Ultimately, her body is the only one she has. Accepting its imperfections becomes her way of making peace and reentering life fully.
Examples
- Cancer left Kate with scars that served as both survival markers and self-esteem triggers.
- A friend with chronic illness reminded her joy in appearance isn’t shallow.
- The deeper acknowledgment: Her body, damaged but alive, gave her countless sweet moments with loved ones.
8. The Shared Reality of COVID-19
When the COVID-19 pandemic hits, Bowler sees the world grapple with uncertainty, loss, and lack of control—ways she has felt since her diagnosis. The universal anxiety suddenly mirrors her own private experience.

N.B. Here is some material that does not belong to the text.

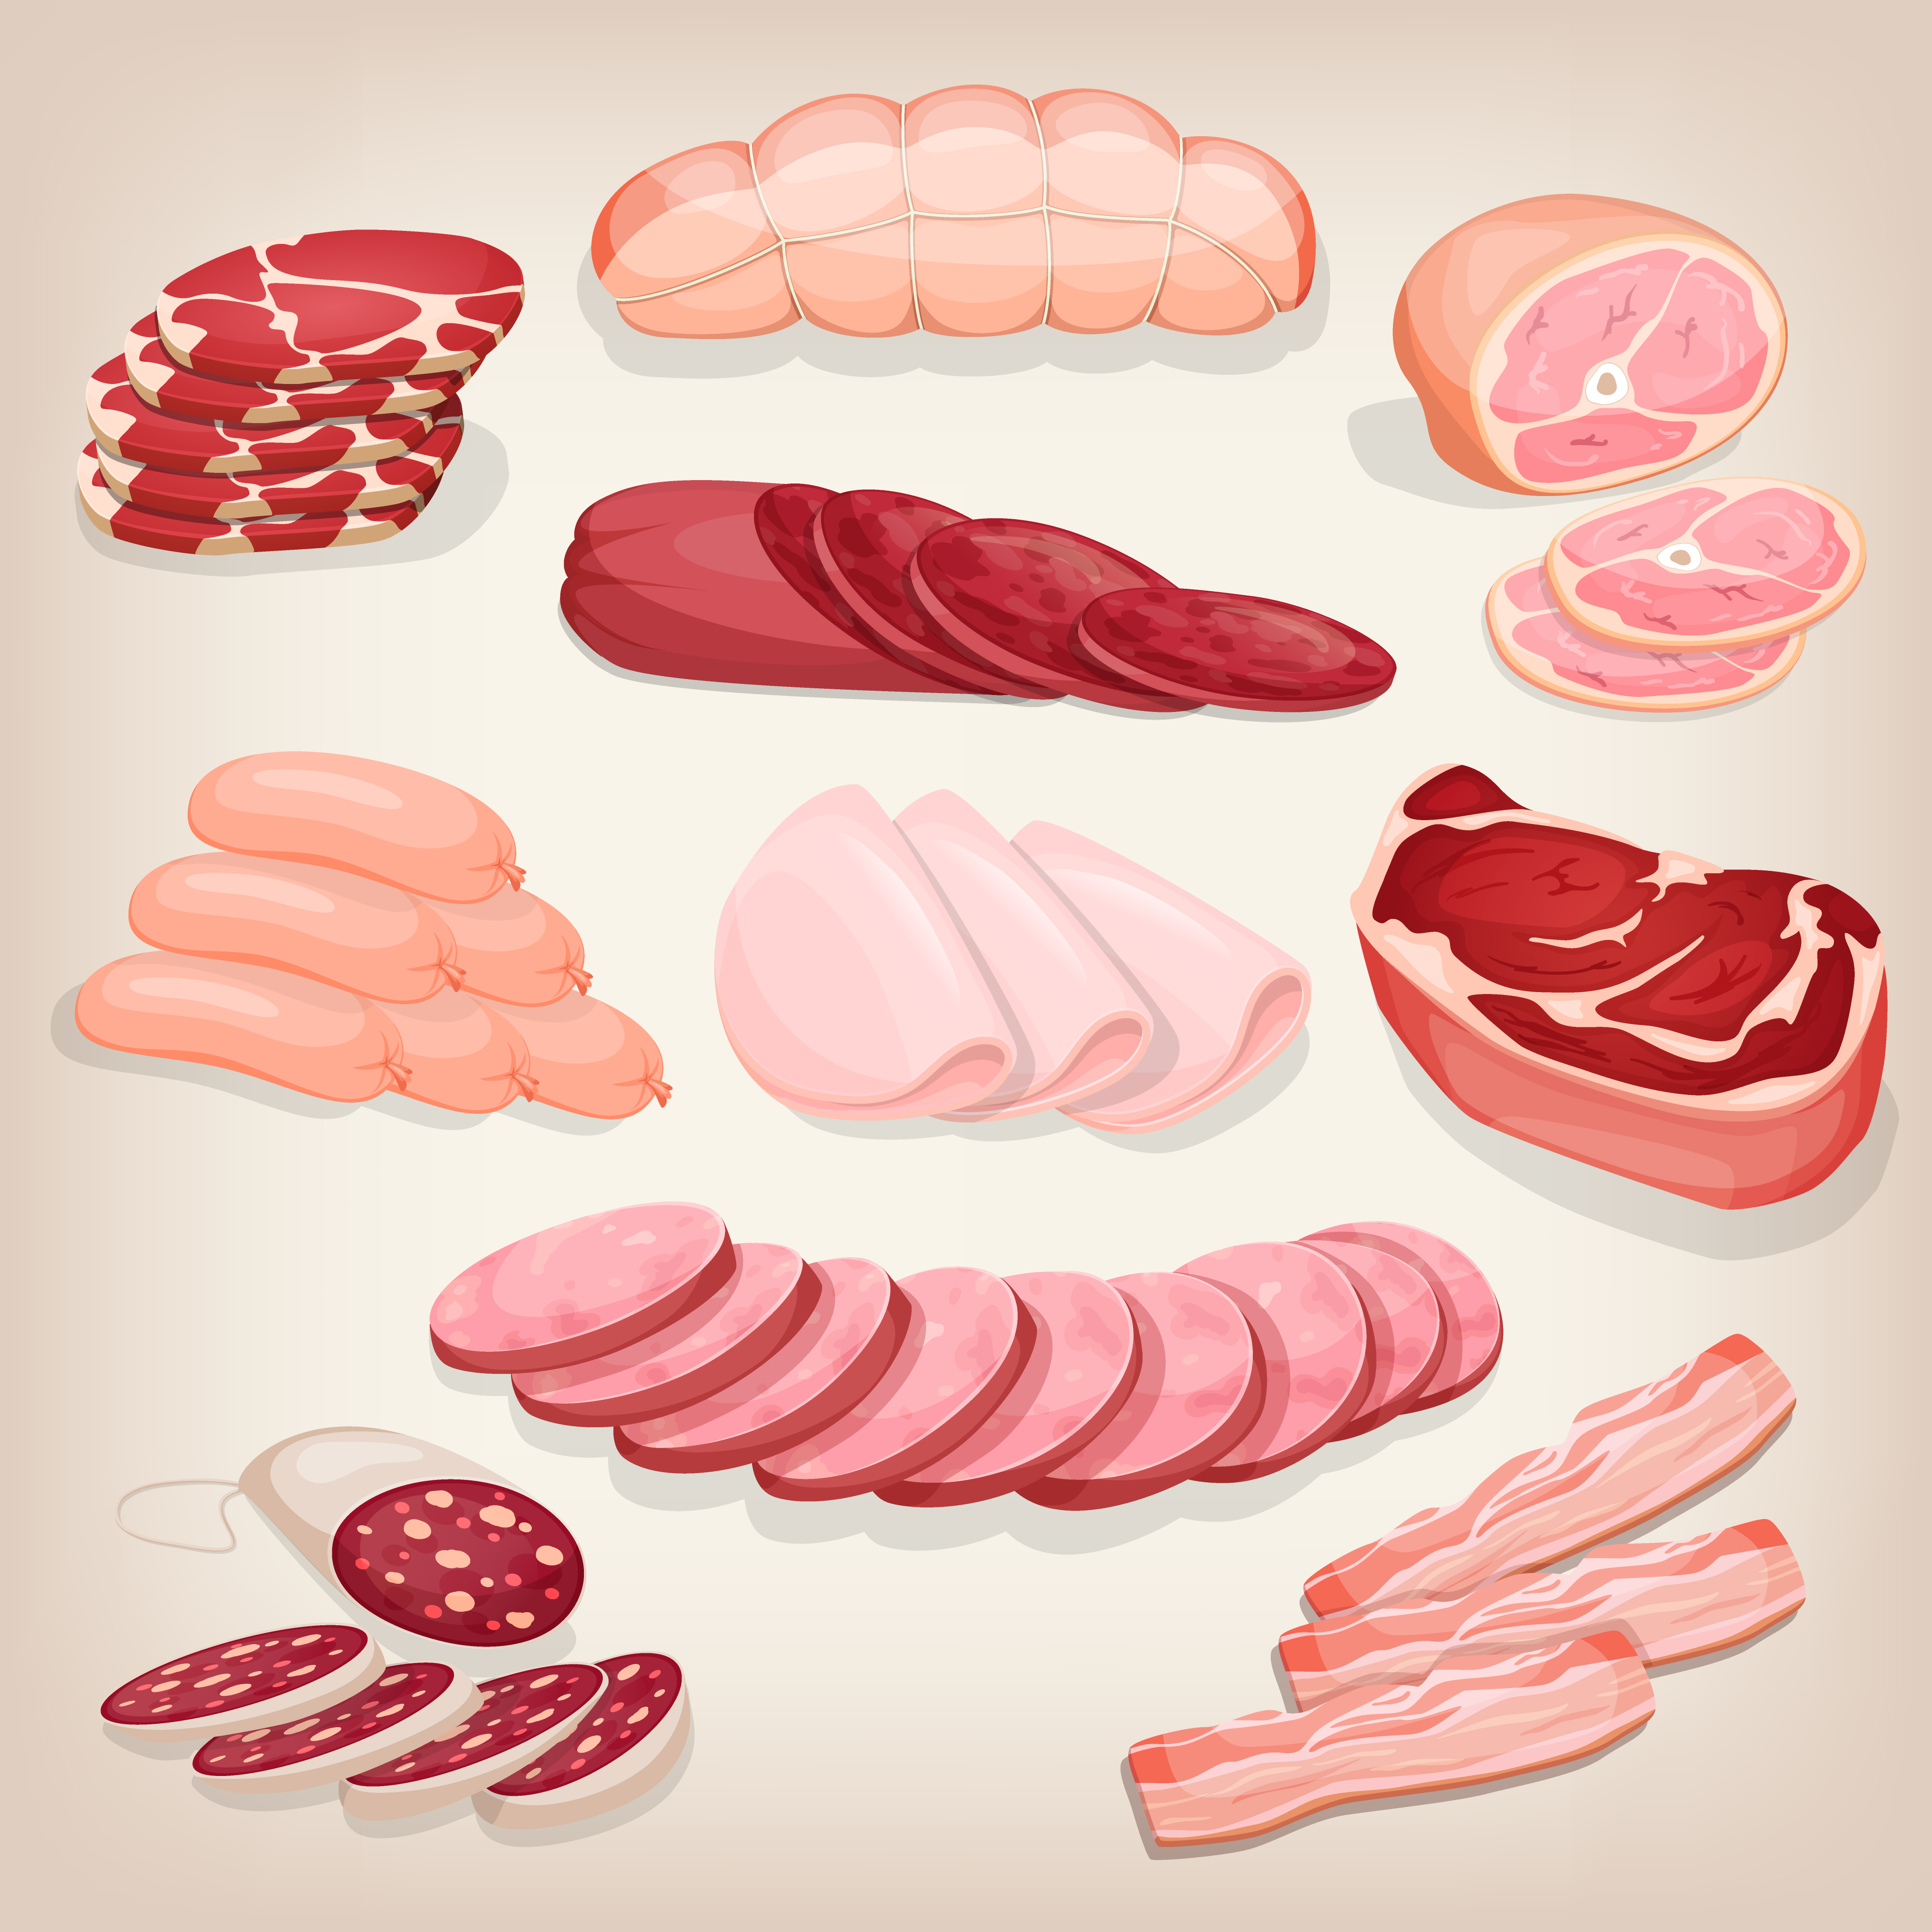 Lunch meat can be a great addition to your diet, but remember to choose those made of high amount of meat and low amount of additives!

COVID demonstrates that life’s fragility is inescapable. Bowler watches as the global health crisis undermines ideas of control, causing people to seek comfort through productivity projects like baking or crafting. Yet as the pandemic drags on, fatigue sets in and many let go of these efforts, recognizing that simply surviving is enough.
For Bowler, COVID proves suffering and randomness transcend individual control—for better or worse.
Examples
- The promising structure of her clinical trial underscores luck’s role in survival.
- Social media trends like sourdough became widespread attempts to impose meaning.
- The exhaustion post-pandemic parallels Bowler’s own surrender to life’s unpredictability.
9. Letting Go of the "Best Life"
Bowler concludes that life’s value doesn’t lie in chasing perfection or crafting an ideal narrative. Her time nursing her wounds, laughing with loved ones, and stumbling through uncertainty reveals an important truth: the “best life” is simply the one you have left to live.
The cultural push to frame life as a series of achievements fades for her. She finds freedom in relinquishing control and embracing what each day offers—including its challenges. True fulfillment, she learns, comes from showing up for life as it is.
This understanding shifts her perspective, reminding readers that messiness and imperfections are features of being human, not bugs.
Examples
- Bowler rejects gratitude lists in favor of experiencing joy as it comes.
- Embracing her limits allows her to focus on connection over productivity.
- Her ultimate reflection: suffering and randomness don’t make life less worthwhile—they make it real.
Takeaways
- Surrender the pressure to fix or control every part of life. Let moments unfold naturally without forcing productivity.
- Resist cultural pressures to glamorize suffering as growth or a battle. Instead, honor struggles for what they are—a part of being alive.
- Treat your body with care and gratitude, embracing it fully, even when it feels imperfect or broken.